Тут Ульяну просто уж кто-то в грудь изнутри как вдарит. Она только серое море видела, это вот, местное.
— И вы, значит, Михайлов, — ужесточилась, — забыли о революционной родине ради синего моря?
— Да я… — кашлянул Михайлов. — Там дочка у хозяина, Анна…
— Ясно. И вы, значит, под пальмой?
— И под пальмой.
Они помолчали, каждый думая о своем. Потом Михайлов заговорил голосом другим, глухим, как из бочки.
— Мы с ней не сразу, она пока подросла. Зато уж потом… Года три мы с ней. А потом она давай наседать: или женись, или того… отцепляйся. А тут письмо от отца: приезжай в Петроград, торговля наладилась, овощи-фрукты наши пойдут на ура… Я задумался, дом вспомнил. Анна нажимает. Повздорили, стало быть, а я вспылил и уехал. Всю дорогу ехал, корил себя, дурака, вернись пока не поздно, вернись… Ну и не вернулся.

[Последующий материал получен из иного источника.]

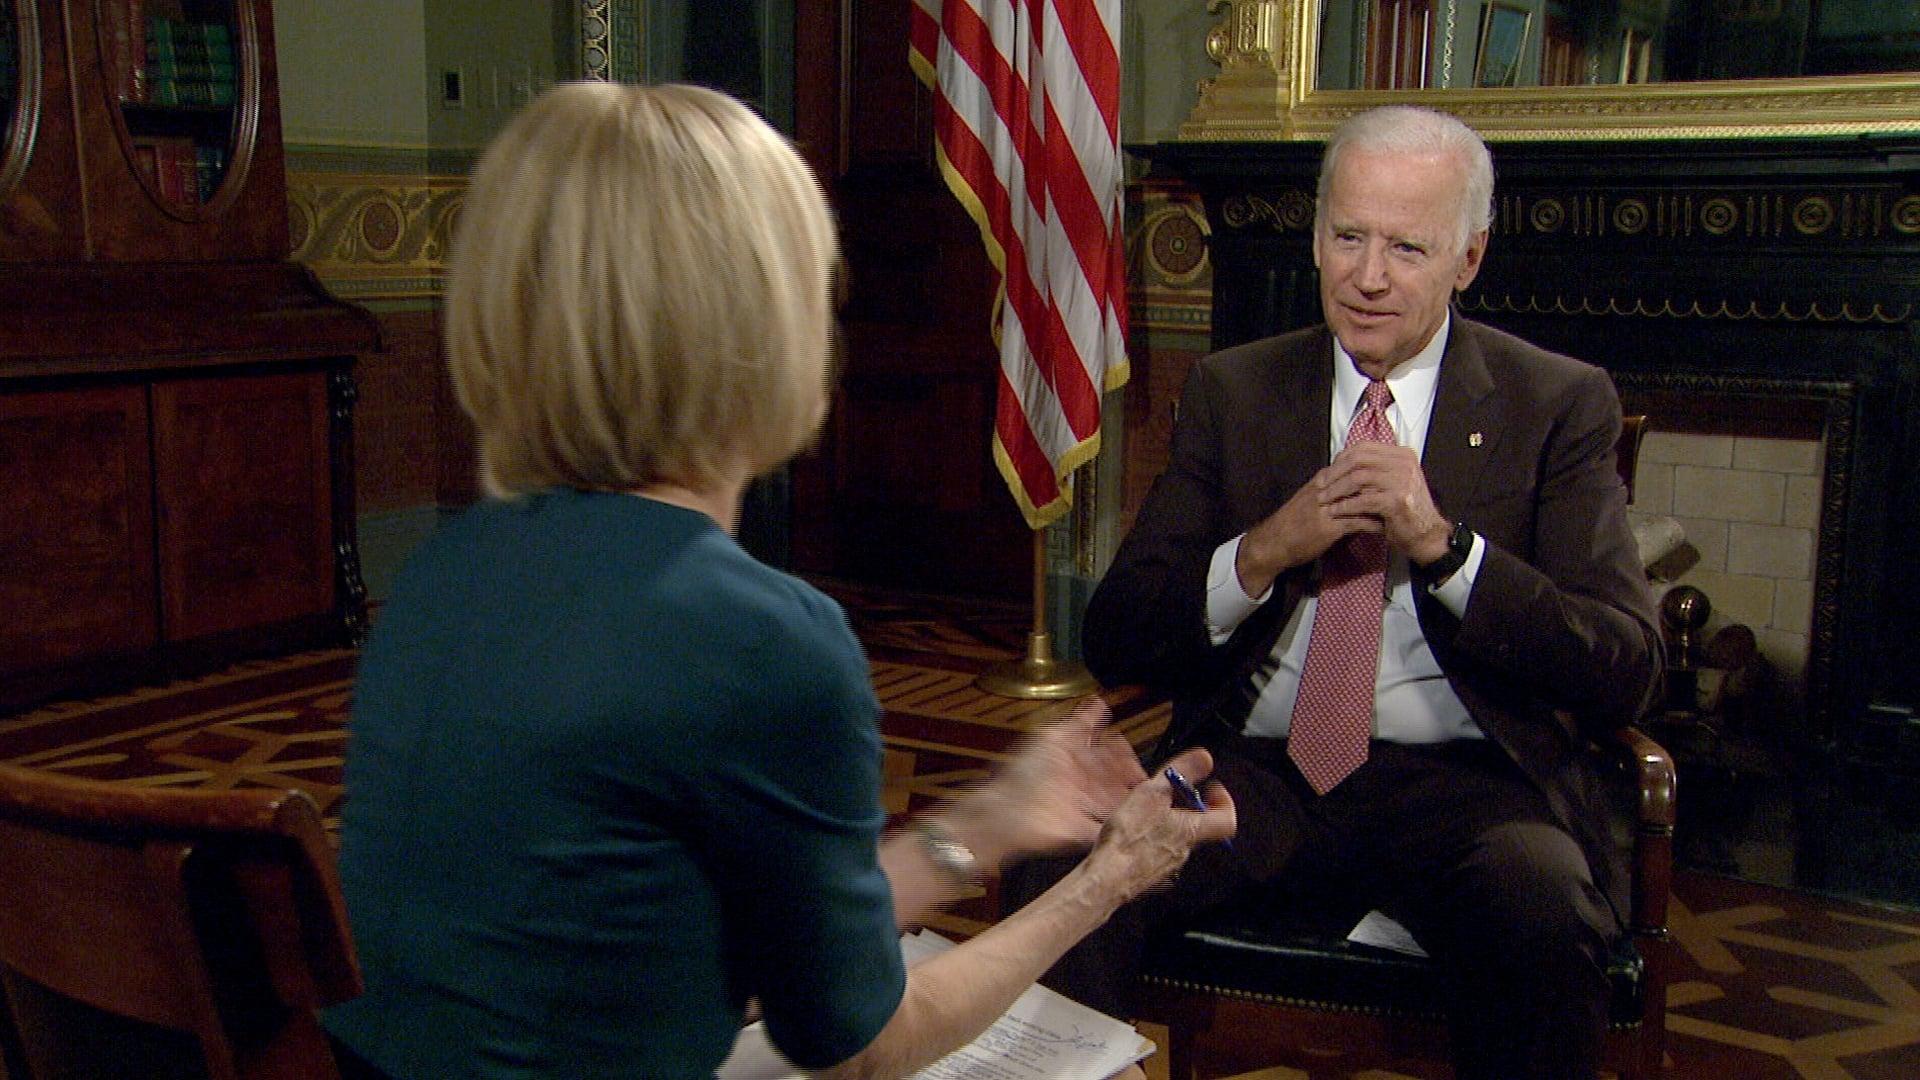 PBS NewsHour Season 42 :Episode 4  January 5, 2017

— Снится? — спросила вдруг Ульяна.
— А? — не понял Михайлов.
— Анна, спрашиваю, снится вам ваша французская?
— В таком, знаете, оранжевом платье… Она любила оранжевое, у нее несколько было оранжевых, разных фасонов. Вы не подумайте, я тут женился, все хорошо. Сын у меня красноармеец, уже грамоту на него прислали, отличился в бою. А снится, да… Редко. Но как прижмет, бывает… И как это вы отгадали. А как жену зовут, отгадайте!
— Анной?
— Точно.
И мужик расплакался, как смольная девица какая.
— Это вы не об Анне плачете, — заметила Ульяна. — А о пальме, синем море и о молодости, Михайлов.